Input »

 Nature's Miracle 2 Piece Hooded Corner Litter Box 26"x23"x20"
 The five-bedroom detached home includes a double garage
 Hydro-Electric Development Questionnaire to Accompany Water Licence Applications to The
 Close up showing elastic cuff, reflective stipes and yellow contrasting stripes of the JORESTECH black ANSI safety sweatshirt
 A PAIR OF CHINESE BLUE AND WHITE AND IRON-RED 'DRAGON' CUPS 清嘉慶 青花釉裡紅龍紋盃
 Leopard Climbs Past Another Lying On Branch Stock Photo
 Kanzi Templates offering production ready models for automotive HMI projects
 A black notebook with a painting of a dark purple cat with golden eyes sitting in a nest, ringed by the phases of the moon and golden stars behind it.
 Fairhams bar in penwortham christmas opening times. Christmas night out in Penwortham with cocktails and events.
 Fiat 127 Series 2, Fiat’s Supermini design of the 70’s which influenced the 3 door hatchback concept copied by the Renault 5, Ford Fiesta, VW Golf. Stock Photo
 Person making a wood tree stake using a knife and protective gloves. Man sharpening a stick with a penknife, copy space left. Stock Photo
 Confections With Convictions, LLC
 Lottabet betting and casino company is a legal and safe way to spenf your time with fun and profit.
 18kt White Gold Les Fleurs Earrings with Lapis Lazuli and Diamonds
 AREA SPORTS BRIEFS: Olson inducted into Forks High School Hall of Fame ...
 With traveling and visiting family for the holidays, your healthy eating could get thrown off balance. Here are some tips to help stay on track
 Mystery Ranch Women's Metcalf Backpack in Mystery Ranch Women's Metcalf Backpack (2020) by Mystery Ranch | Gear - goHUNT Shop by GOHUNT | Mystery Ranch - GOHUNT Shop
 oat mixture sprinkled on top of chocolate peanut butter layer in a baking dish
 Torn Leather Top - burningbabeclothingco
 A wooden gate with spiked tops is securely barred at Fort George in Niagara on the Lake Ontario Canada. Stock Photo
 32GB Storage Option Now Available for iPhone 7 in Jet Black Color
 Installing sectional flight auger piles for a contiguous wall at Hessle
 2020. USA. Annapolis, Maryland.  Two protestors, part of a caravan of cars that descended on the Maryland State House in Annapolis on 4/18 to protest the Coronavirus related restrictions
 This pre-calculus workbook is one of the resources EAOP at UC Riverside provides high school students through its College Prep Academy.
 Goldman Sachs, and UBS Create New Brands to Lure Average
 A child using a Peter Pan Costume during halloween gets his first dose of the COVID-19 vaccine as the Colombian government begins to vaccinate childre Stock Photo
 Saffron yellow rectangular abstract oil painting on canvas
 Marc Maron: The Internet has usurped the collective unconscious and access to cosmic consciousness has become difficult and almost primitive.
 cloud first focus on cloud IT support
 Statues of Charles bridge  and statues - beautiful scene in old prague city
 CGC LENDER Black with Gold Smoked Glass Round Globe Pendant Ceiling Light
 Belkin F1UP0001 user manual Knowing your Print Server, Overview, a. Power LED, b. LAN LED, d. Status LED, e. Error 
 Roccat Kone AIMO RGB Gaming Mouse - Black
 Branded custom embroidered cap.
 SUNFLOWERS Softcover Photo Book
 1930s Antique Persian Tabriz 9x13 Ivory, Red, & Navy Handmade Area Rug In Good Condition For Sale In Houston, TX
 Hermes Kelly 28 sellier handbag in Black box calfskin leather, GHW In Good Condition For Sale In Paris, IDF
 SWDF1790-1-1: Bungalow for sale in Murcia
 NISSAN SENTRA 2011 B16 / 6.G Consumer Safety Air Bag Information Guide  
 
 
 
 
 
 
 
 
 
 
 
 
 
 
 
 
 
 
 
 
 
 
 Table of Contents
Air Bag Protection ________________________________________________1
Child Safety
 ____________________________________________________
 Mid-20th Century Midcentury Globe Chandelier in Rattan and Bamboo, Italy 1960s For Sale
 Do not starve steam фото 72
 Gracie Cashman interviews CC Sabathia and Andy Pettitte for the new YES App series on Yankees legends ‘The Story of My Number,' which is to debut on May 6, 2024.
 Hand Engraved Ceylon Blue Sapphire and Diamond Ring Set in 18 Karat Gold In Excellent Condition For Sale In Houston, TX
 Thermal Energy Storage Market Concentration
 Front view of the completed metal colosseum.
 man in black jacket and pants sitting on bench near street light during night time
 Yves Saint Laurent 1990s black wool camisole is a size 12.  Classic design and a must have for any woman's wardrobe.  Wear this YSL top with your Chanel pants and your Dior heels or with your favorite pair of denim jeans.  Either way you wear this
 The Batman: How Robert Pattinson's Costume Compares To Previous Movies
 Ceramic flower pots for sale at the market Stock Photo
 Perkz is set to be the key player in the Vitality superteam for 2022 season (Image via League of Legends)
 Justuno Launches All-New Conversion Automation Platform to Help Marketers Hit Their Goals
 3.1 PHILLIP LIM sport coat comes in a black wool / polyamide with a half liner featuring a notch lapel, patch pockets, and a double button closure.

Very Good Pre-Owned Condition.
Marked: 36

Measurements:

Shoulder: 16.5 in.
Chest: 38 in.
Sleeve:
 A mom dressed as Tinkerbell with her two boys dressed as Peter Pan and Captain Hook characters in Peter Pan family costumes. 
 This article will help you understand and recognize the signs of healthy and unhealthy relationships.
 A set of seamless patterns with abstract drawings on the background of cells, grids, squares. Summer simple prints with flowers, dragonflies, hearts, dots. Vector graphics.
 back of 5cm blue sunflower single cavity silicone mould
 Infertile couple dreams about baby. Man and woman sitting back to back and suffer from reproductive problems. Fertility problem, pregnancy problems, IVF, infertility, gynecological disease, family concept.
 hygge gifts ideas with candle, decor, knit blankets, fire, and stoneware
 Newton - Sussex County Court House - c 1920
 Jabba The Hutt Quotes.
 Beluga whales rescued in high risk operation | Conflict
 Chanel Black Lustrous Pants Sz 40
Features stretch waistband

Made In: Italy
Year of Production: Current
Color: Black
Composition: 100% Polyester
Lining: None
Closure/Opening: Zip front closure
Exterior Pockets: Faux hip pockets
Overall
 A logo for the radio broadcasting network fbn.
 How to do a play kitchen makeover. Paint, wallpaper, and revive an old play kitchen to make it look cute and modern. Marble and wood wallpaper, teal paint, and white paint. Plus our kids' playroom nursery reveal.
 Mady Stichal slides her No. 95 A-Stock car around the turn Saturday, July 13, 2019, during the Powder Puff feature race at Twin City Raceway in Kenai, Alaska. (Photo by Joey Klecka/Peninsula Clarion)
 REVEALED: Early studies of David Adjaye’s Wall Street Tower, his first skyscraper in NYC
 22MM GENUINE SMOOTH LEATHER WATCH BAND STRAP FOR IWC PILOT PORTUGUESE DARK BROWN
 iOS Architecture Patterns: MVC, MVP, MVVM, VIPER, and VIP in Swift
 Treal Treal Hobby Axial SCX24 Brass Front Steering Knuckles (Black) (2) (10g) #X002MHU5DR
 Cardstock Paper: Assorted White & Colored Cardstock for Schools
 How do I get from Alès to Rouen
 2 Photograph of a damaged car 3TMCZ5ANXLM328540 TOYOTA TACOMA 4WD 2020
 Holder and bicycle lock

What you need to do » Reproduce exactly the entries above, limited to the lines from the one with "Color: Black" through the one with "Treal Treal Hobby", both included.

Solved exercise »
Color: Black
Composition: 100% Polyester
Lining: None
Closure/Opening: Zip front closure
Exterior Pockets: Faux hip pockets
Overall
 A logo for the radio broadcasting network fbn.
 How to do a play kitchen makeover. Paint, wallpaper, and revive an old play kitchen to make it look cute and modern. Marble and wood wallpaper, teal paint, and white paint. Plus our kids' playroom nursery reveal.
 Mady Stichal slides her No. 95 A-Stock car around the turn Saturday, July 13, 2019, during the Powder Puff feature race at Twin City Raceway in Kenai, Alaska. (Photo by Joey Klecka/Peninsula Clarion)
 REVEALED: Early studies of David Adjaye’s Wall Street Tower, his first skyscraper in NYC
 22MM GENUINE SMOOTH LEATHER WATCH BAND STRAP FOR IWC PILOT PORTUGUESE DARK BROWN
 iOS Architecture Patterns: MVC, MVP, MVVM, VIPER, and VIP in Swift
 Treal Treal Hobby Axial SCX24 Brass Front Steering Knuckles (Black) (2) (10g) #X002MHU5DR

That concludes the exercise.